There you go - an example of the n-lab working as it should! Perhaps we should write this up and post it ... somewhere.
I have started touching the entry distribution: added plenty of hyperlinks for keywords (some of them gray links to be created), and started to organize the material under “Traditional definition” into numbered definition/proposition/example environments.
I took the liberty of switching notation from $U$ for the base space (open subset of Euclidean ssapce) to $X$, since I think we really want to be speaking of distributions on smooth manifolds, the open subsets of Euclidean space just being particular examples. But I haven’t added anything regarding this generalization yet.
Is it wise that the entry distribution uses the notation $\mathcal{D}$ for the space of distributions, instead of the space of test funtions, as is common (originating with Schwartz, I suppose)? I like writing expicitly $C^\infty_c(X)$ for the test functions, not to hide behind notation what is easily made explicit, and on absolute grounds it would make sense to read $\mathcal{D}$ as short for “distributions”, but since this is in dangerous conflict with established convention, I’d rather we changed this.
I guess you’re right, but what a pity. Actually, your comment here should probably be incorporated into the article.

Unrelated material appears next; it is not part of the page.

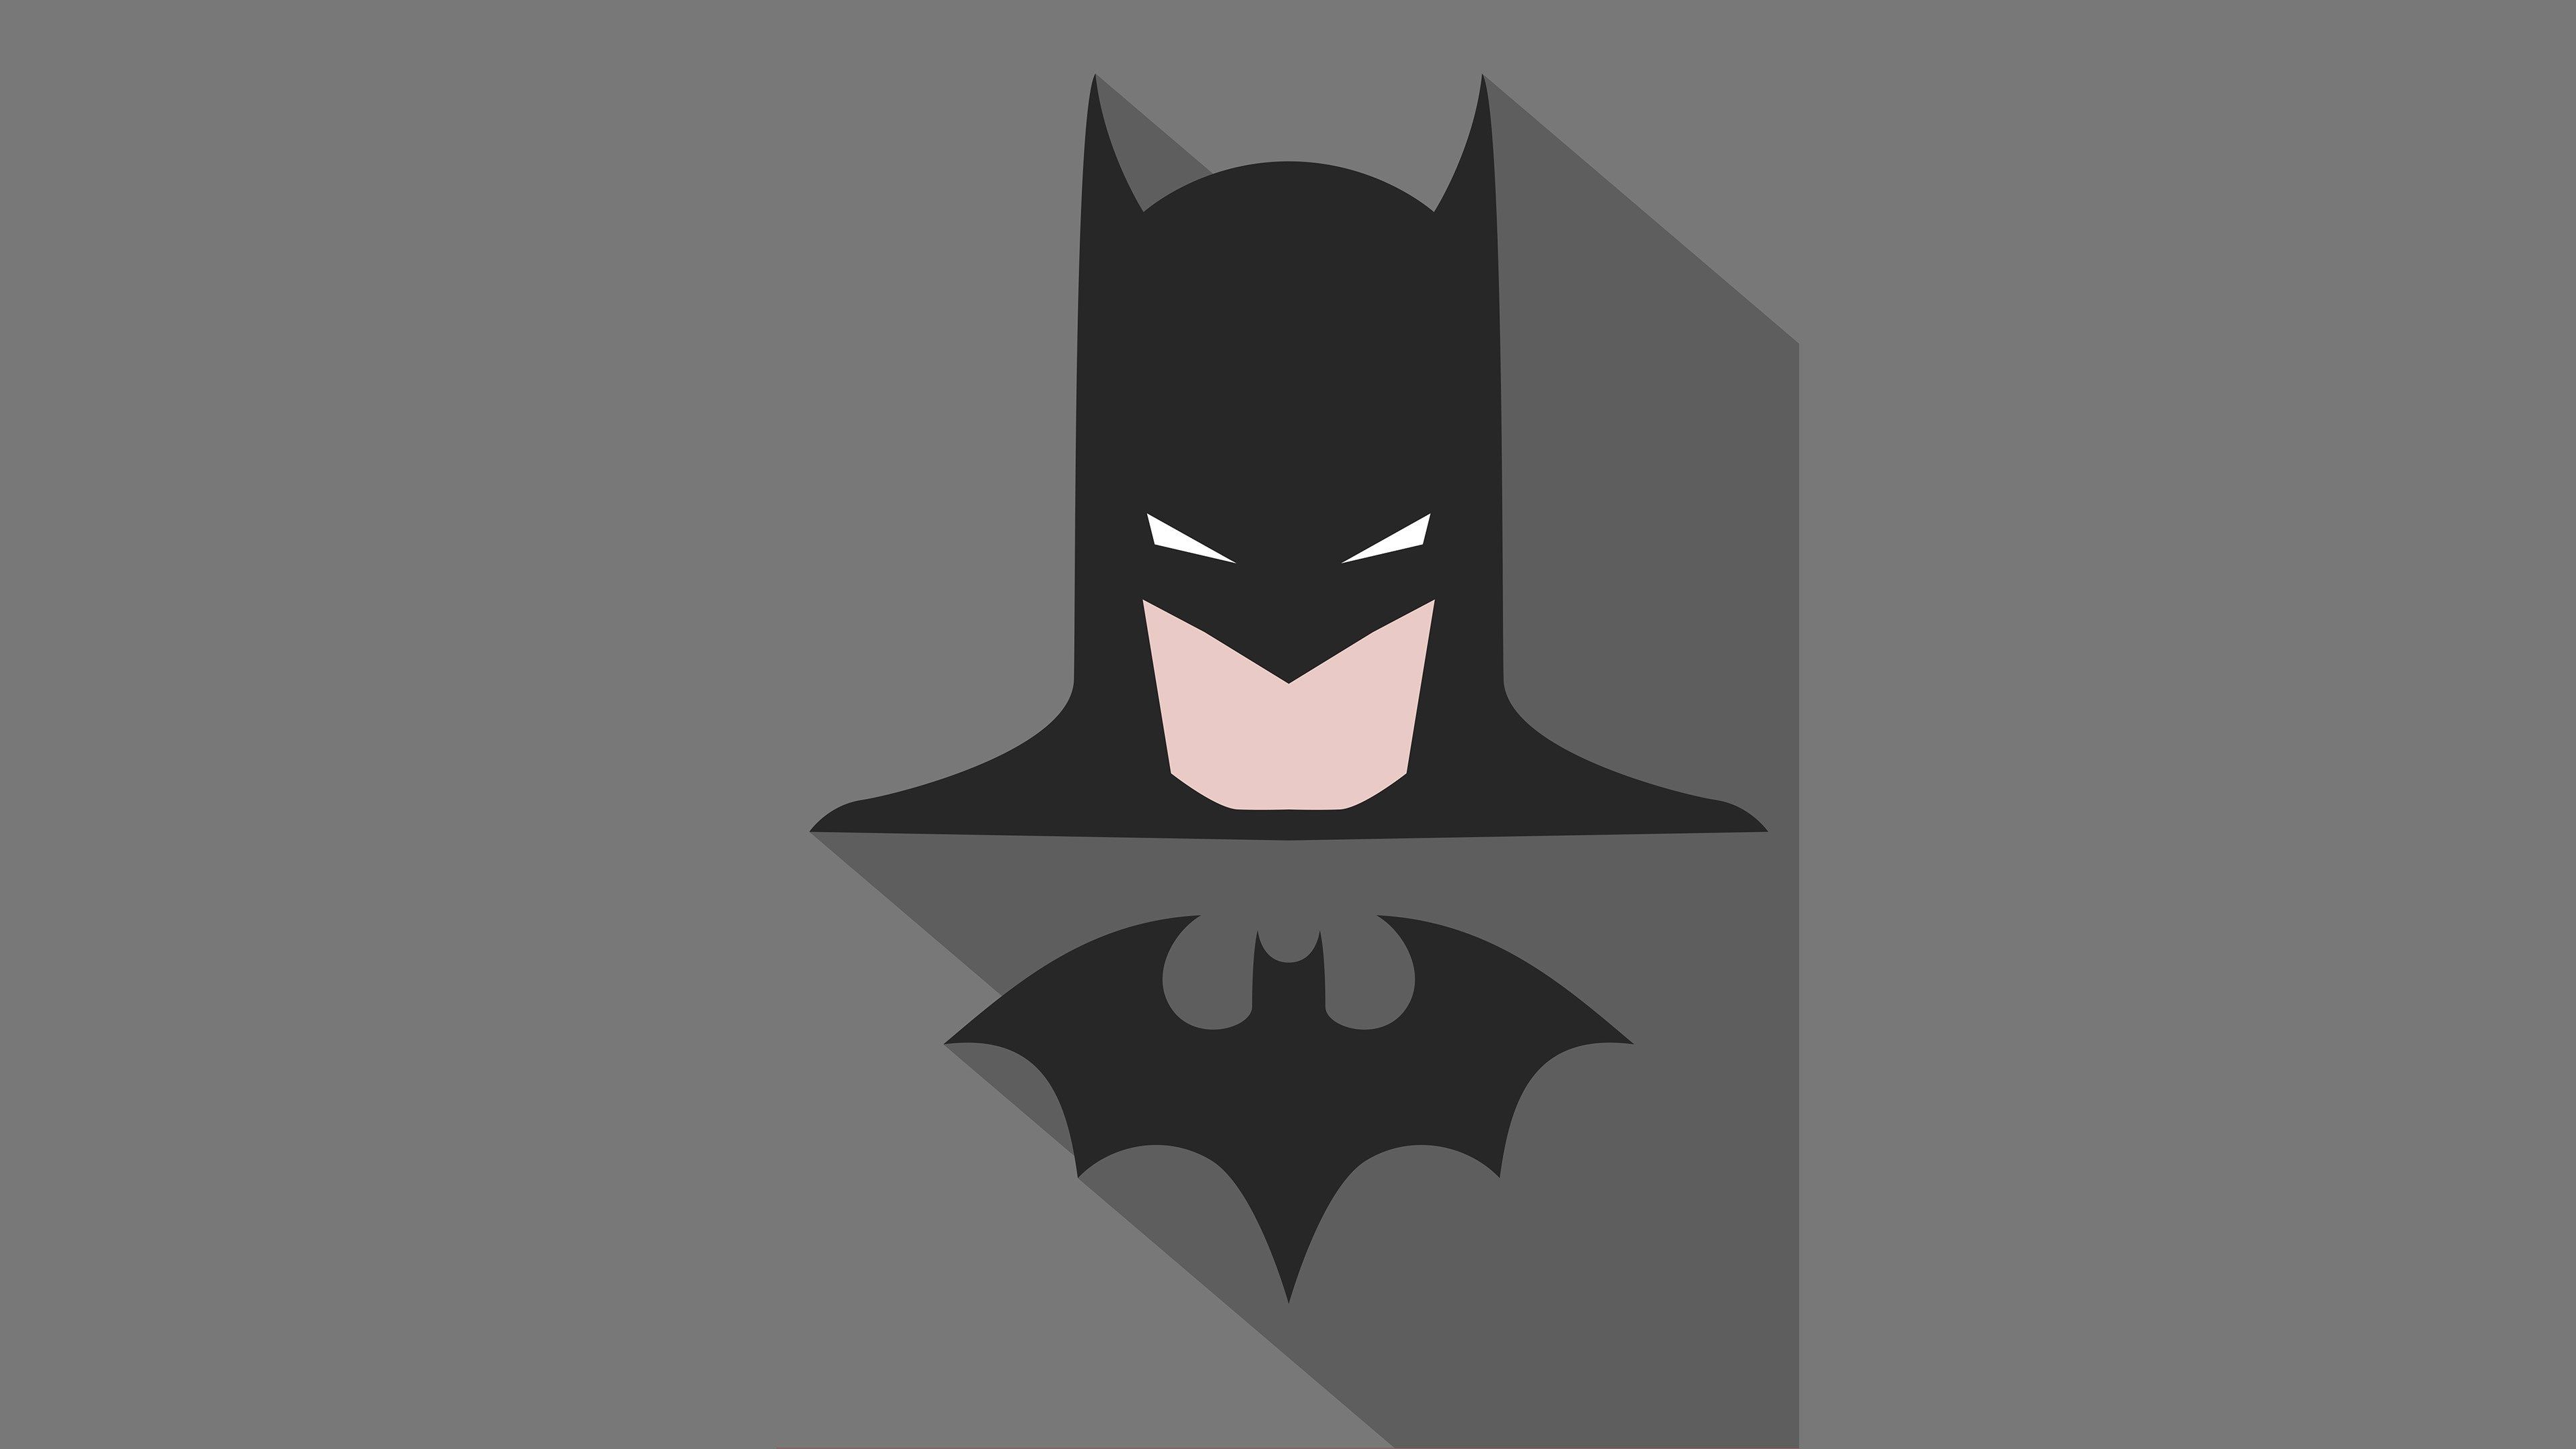 Filename: 3840x2160 batman 4k picture free for desktop Resolution: 3840x2160 File size: 181 kB Uploaded: Jackson H. Superhero wallpaper, Batman wallpaper, Batman

Okay, I have added a remark, here. Then I changed the notation on the page from $\mathcal{D}$ to $\mathcal{D}'$.
Following a suggestion that I made recently (here) I have removed from distribution the section “Multiplication of distributions”, which was introduced in rev 9 here.
I have replaced it with a pointer to the entry product of distributions, which I started recently.
The subsection which I removed started out with the words:
Distributions fail to address some uses to which physicists would like to put them (as in path integrals), since there is no general way to multiply distributions in a way that extends multiplication of functions .
Besides the fact that a pure math entry should say something about its topic before passing to discussion of physics, arguably the situation in physics is the opposite of what was suggested by these lines: It turns out that the theory of distributions supplemented by a proper analysis of their wave front sets serves to solve all the conceptual problems in perturbative quantum field theory: What are (or have been) widely-perceived as problems are not caused by an insufficient concept of distributions, but by simple technical errors in handling them. I have therefore written a paragraph on the actual situation in physics at “product of distributions” here. This also subsumes the pointer to Scharf’s textbook that appeared later in the section now removed.
Next in the subsection which I removed there was a paragraph sketching why a global product of distributions cannot exist, subject to some natural conditions. I have copied that paragraph over to “product of distributions”, here, essentially unmodified. But eventually this ought to be expanded a little more, to do the subject justice.
Finally there was a pointer to Colombeau algebras. This I turned into a stand-alone entry Colombeau algebra, see its own thread here.
This is very interesting to hear! I look forward to seeing the definition when it makes it into the entry, and maybe hearing a little more about the physical applications if they can be explained to a mathematician.
Thanks for the feedback. It is indeed very interesting. One of those “well known” facts that are not widely known.
I went and added some more detail on the construction of the product of distributions with compatible wave front sets: here. Ultimately a full proof requires spelling out a few more lemmas than I have done so far, but of course it is all in Hörmander’s book.
Apparently Hörmander had understood all this back in 1970 (here). Then Duistermaat-Hörmander wrote a famous (?) treatise using this theory, back in 1972 (here). In this book they use the theory to construct Feynman propagators for quantum fields on curved spacetime. One year later, in 1973, Epstein-Glaser show (here) that perturbative renormalization of quantum field theory is a well defined operation in terms of Hörmander’s microlocal analysis of distributions.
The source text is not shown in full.